Bases: apache_beam.coders.coders.Coder

encode(st: schrodinger.structure._structure.Structure) bytes

Encodes the given object into a byte string.

decode(mae_bytes: bytes) schrodinger.structure._structure.Structure

Decodes the given byte string into the corresponding object.

is_deterministic()

Whether this coder is guaranteed to encode values deterministically.

A deterministic coder is required for key coders in GroupByKey operations to produce consistent results.

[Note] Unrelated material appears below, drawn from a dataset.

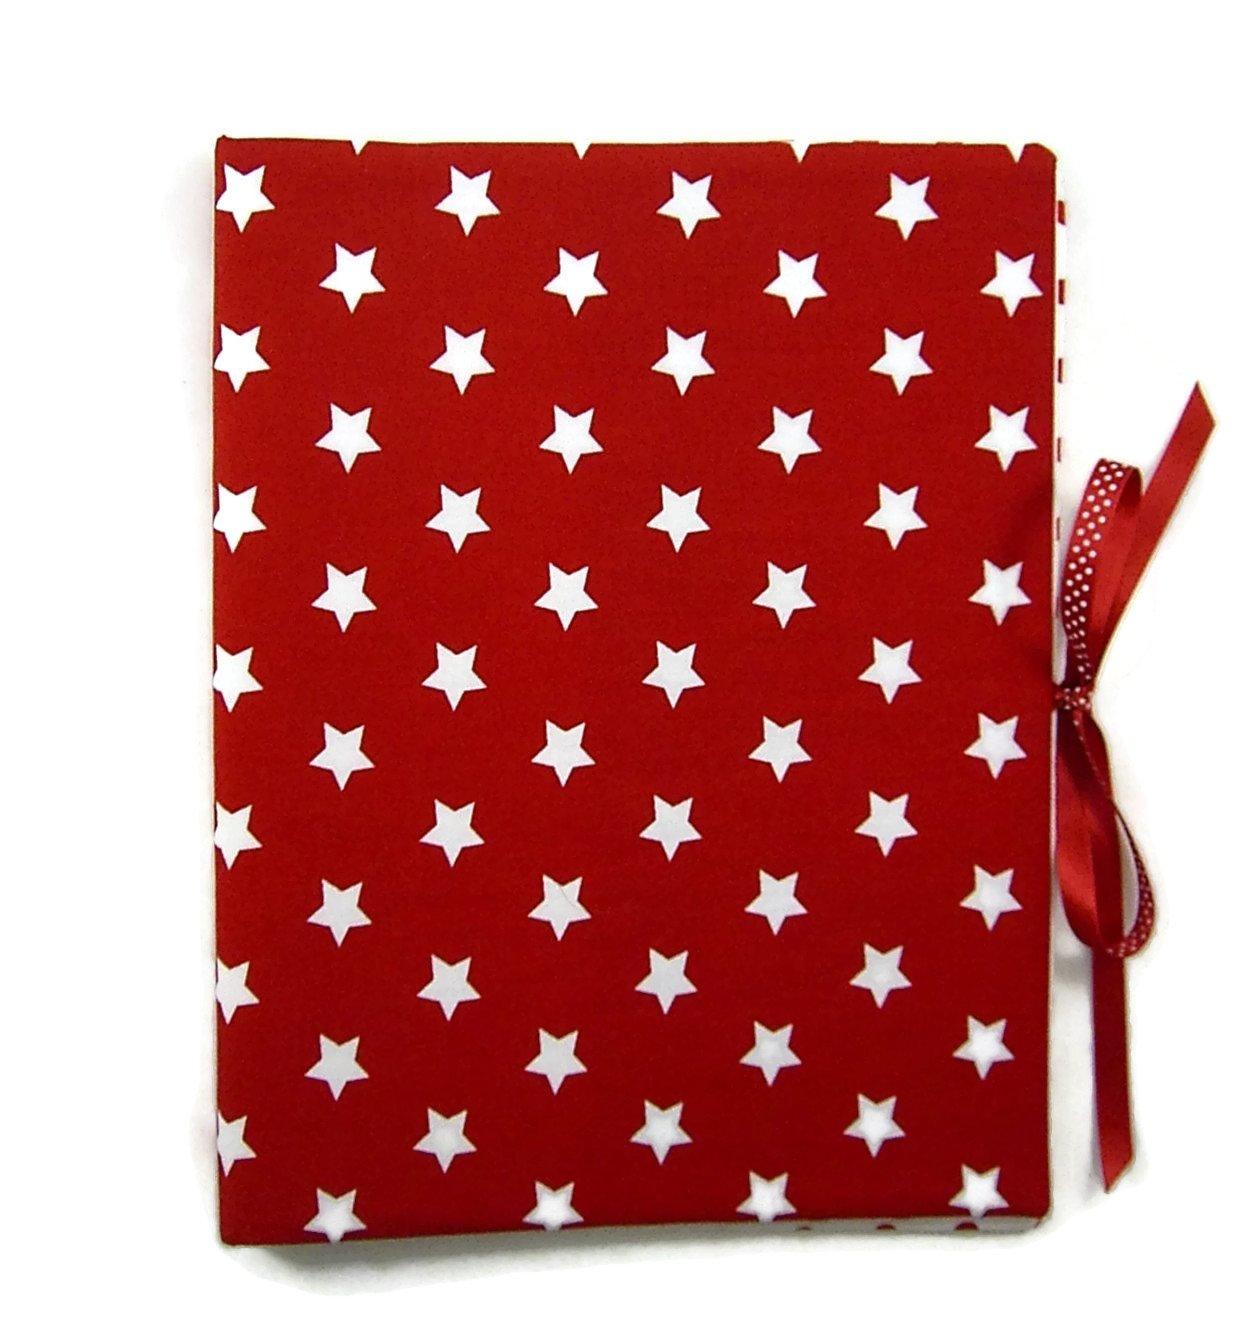 Sammelmappe DIN A4 - innen 30 Sichthüllen - - - STERNE rot-weiß - innen Punkte - bettina bruder® B01F5MKHWS | Up-to-date-styling  cbab6f

For example, note that the default coder, the PickleCoder, is not deterministic: the ordering of picked entries in maps may vary across executions since there is no defined order, and such a coder is not in general suitable for usage as a key coder in GroupByKey operations, since each instance of the same key may be encoded differently.

Returns:

Whether coder is deterministic.

as_deterministic_coder(step_label, error_message=None)

Returns a deterministic version of self, if possible.

Otherwise raises a value error.

decode_nested(encoded)

Uses the underlying implementation to decode in nested format.

encode_nested(value)

Uses the underlying implementation to encode in nested format.

estimate_size(value)

Estimates the encoded size of the given value, in bytes.

Dataflow estimates the encoded size of a PCollection processed in a pipeline step by using the estimated size of a random sample of elements in that PCollection.

The default implementation encodes the given value and returns its byte size. If a coder can provide a fast estimate of the encoded size of a value (e.g., if the encoding has a fixed size), it can provide its estimate here to improve performance.

Arguments:

value: the value whose encoded size is to be estimated.

Returns:

The estimated encoded size of the given value.

classmethod from_runner_api(coder_proto: Type[apache_beam.coders.coders.CoderT], context: org.apache.beam.model.pipeline.v1.beam_runner_api_pb2.Coder) apache_beam.coders.coders.CoderT

Converts from an FunctionSpec to a Fn object.

Prefer registering a urn with its parameter type and constructor.

classmethod from_type_hint(unused_typehint: Type[apache_beam.coders.coders.CoderT], unused_registry: Any) apache_beam.coders.coders.CoderT
get_impl()

For internal use only; no backwards-compatibility guarantees.

Returns the CoderImpl backing this Coder.

is_kv_coder() bool
key_coder() apache_beam.coders.coders.Coder
static register_structured_urn(urn: str, cls: Type[apache_beam.coders.coders.Coder]) None

Register a coder that’s completely defined by its urn and its component(s), if any, which are passed to construct the instance.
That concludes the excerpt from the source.